Service to community: Patti Cook


A woman holding a box of food, including Cheerios, bread and instant oats. She smiles at the camera, while standing in a food pantry aisle
South Hills Interfaith Movement volunteer Patricia Cook inside the SHIM food pantry.

Patti Cook sees her volunteer job at South Hills Interfaith Movement (SHIM) as that of a welcomer. “Hopefully I’m a friendly face or friendly voice on the phone when somebody first comes to SHIM. I want them to hear: ‘Come in, you’re welcome here. We’re here to help you.’”

Because of this attitude—and many other positive qualities—Cook received the Mt. Lebanon Community Relations Board’s 2023 Community Service Award, given out annually to a Lebo resident who consistently volunteers their time to give back to the community. For more than 10 years, Cook has volunteered at SHIM, which runs food pantries at several locations for South Hills residents in need.

“Patti’s availability as a volunteer is a significant help to the SHIM staff,” according to Debi Dempsey, SHIM’s volunteer manager. “She sees tasks, takes them on, asks a few questions if necessary, and completes them on her own.”

In 2012 Cook, a retired teacher who lives on Highridge Circle with her husband, Bill, was looking for something to do with her time. She saw a notice in the bulletin of the Unitarian Universalist Church of the South Hills for a front desk receptionist and data entry volunteer, and stepped up.

“What I’ve done over the years is answer the door and the phone, which means greeting people and directing them to the staff person they need,” she said. “Sometimes it means accepting food donations, which can include giving directions, explaining what we take, and weighing food.”

Cook also records whatever donations come in and their source. “When a local company wants to make a donation, they need statistics—how many people are you helping, how many pounds of food are you giving away. So we track that. And whether it comes from the Pittsburgh Food Bank, local churches, Scout troops, or just a neighbor driving up and donating food.”

SHIM was founded more than 50 years ago as the South Hills Interfaith Ministry, a cooperative project among several places of worship. No longer sponsored by churches, it has grown into three locations that provide more than 3,700 people each month with food and personal care items. About 10 percent of the families served at the food pantry are Mt. Lebanon residents. Along with food pantries, its family center hosts family support, immigrant and refugee assistance, and youth programs. At the Bethel Park location are service coordinators who help with utility assistance, financial aid, transportation and self-sufficiency coaching.

Cook feels her work has a definite moral component. “The goal is to help people seeking help, whether it’s for food or mental health services, getting people in touch with all sorts of agencies.” She acknowledges the shame that is still sometimes associated with needing help and aims to dispel it.

“Usually once they get on the phone, they’re so glad to talk to someone.
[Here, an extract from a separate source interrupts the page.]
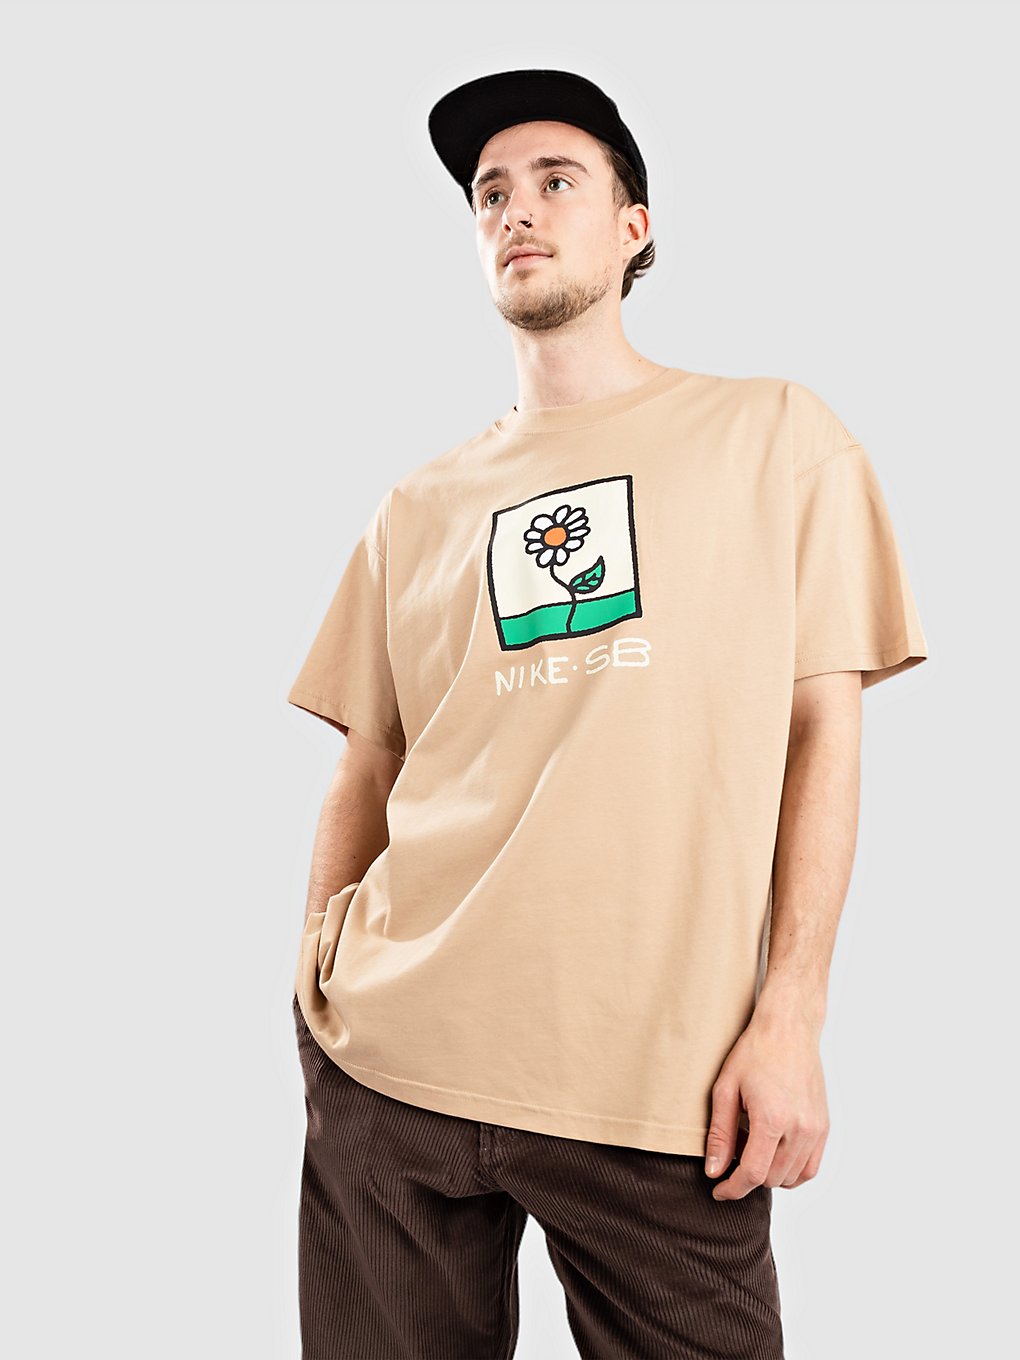 Image of Nike SB Daisy T-Shirt marrone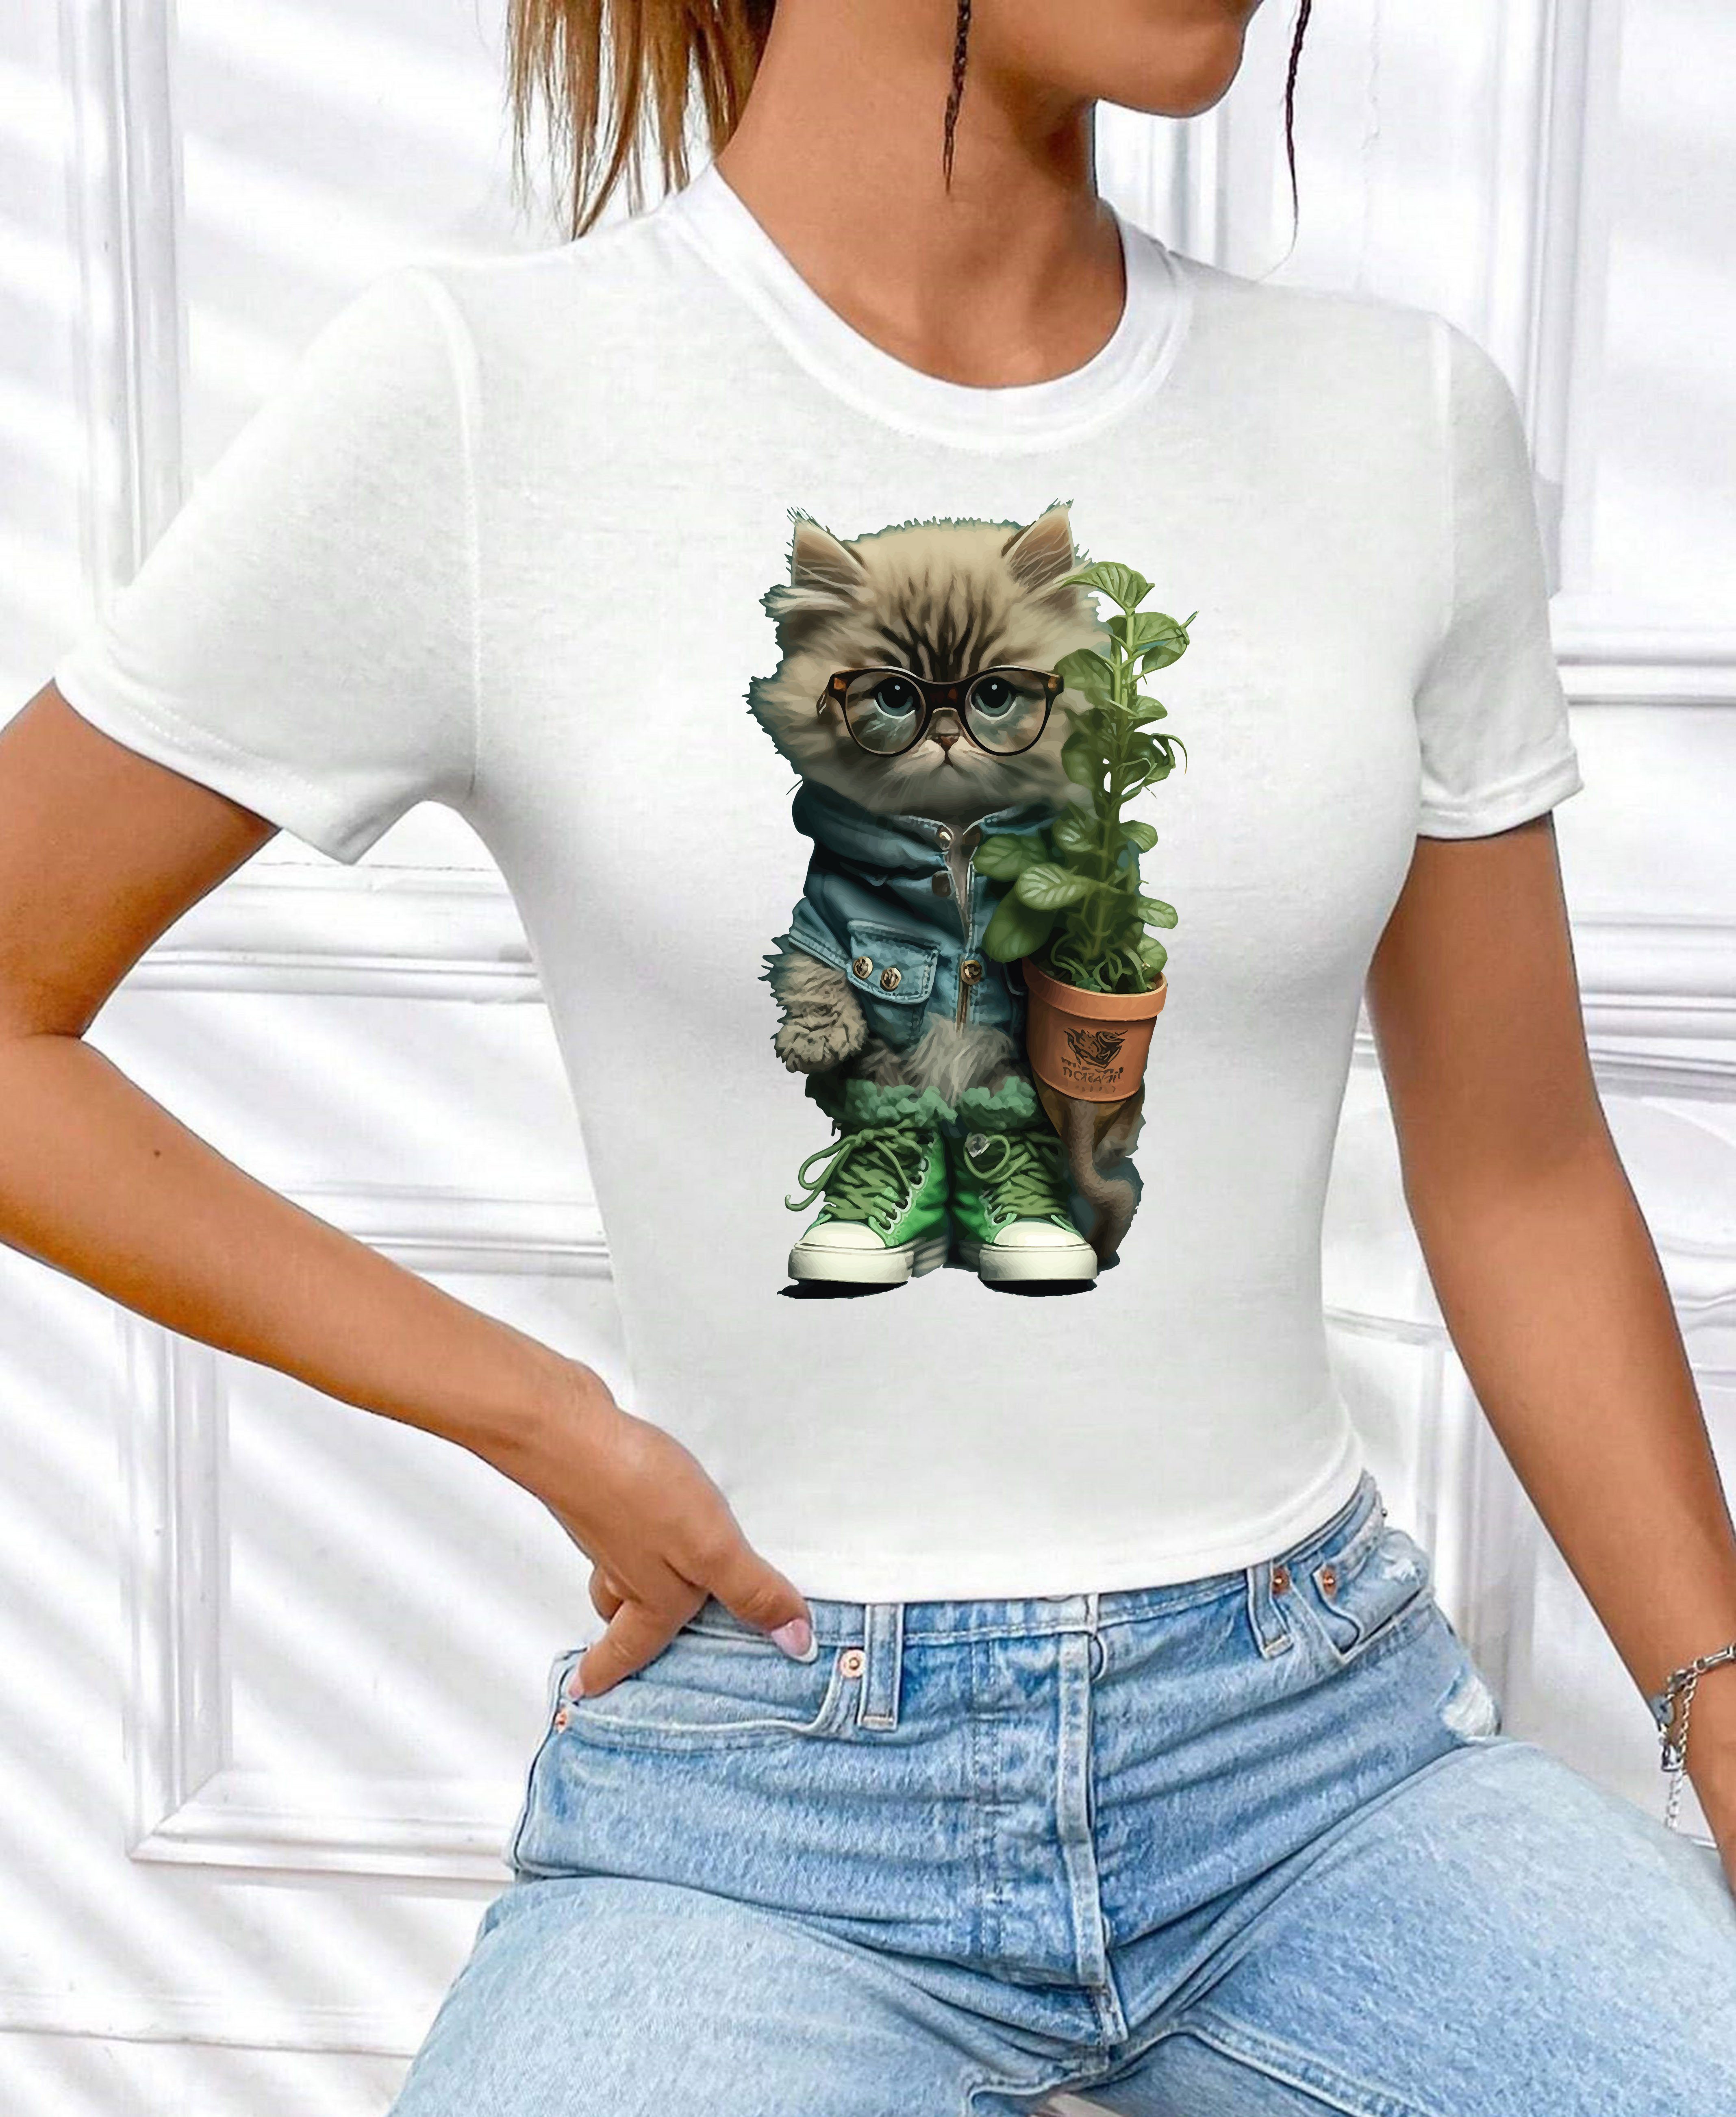 lizenziertem mit Garten Top Katze" aus Print Weiß_1 "Cat Shirt Baumwolle, T-Shirt kurzarm Freizeit in Unifarbe, Blume Rundhals Damen RMK

I try to listen and then tactfully refer them to the person who can help them. Sometimes people come in person and again, they’re almost apologizing for needing help. Really, it could be any of us. We could be only so many months away from losing a job or having a drastic illness, just so many reasons—we could all be in trouble.”

In addition to its food pantries, SHIM offers social services and referrals, tutoring and mentoring programs, and even a running club at its three locations.

Cook is also one of the volunteers who accompanies clients when they shop for food at the pantry. “The staff doesn’t have the time to stock the shelves or go through the food pantry with clients. That’s what the volunteers do: free up time for the staff to do what they’re trained to do and paid to do.”

During the pandemic, she helped as SHIM had to make the sudden shift from shopping in person to a drive-through pantry. The organization struggled to preserve an element of choice in the food selection.

“They’d do a drive-through where some items were already prepared in bags or boxes, and then volunteers would say, ‘Today we have chicken or ground beef,’ and they could make a choice. Or they could choose between macaroni and spaghetti if they wanted pasta. Later on, they could even get out of the car and go up to the produce table and tell the volunteers what they wanted.”

Cook feels that SHIM is important as a huge safety net. “It’s a really safe place for people to go when they need help,” she reported. “I can’t say enough about what the staff does there. Ideally SHIM wouldn’t be needed, but it is desperately needed. I think most people in the South Hills area, if it disappeared, would be amazed at what a loss it would be for people who are struggling.”

Rachel White, SHIM’s development and communication assistant, nominated Cook for the award. “We work with such a group of diverse individuals here and people can sometimes be uncomfortable asking for help,” she said. “Patti’s warmth emanates from her, and she helps put clients at ease as she assists them. We work hard to destigmatize suburban poverty in order to reach neighbors in need, and Patti does a wonderful job of treating everyone with dignity and respect.”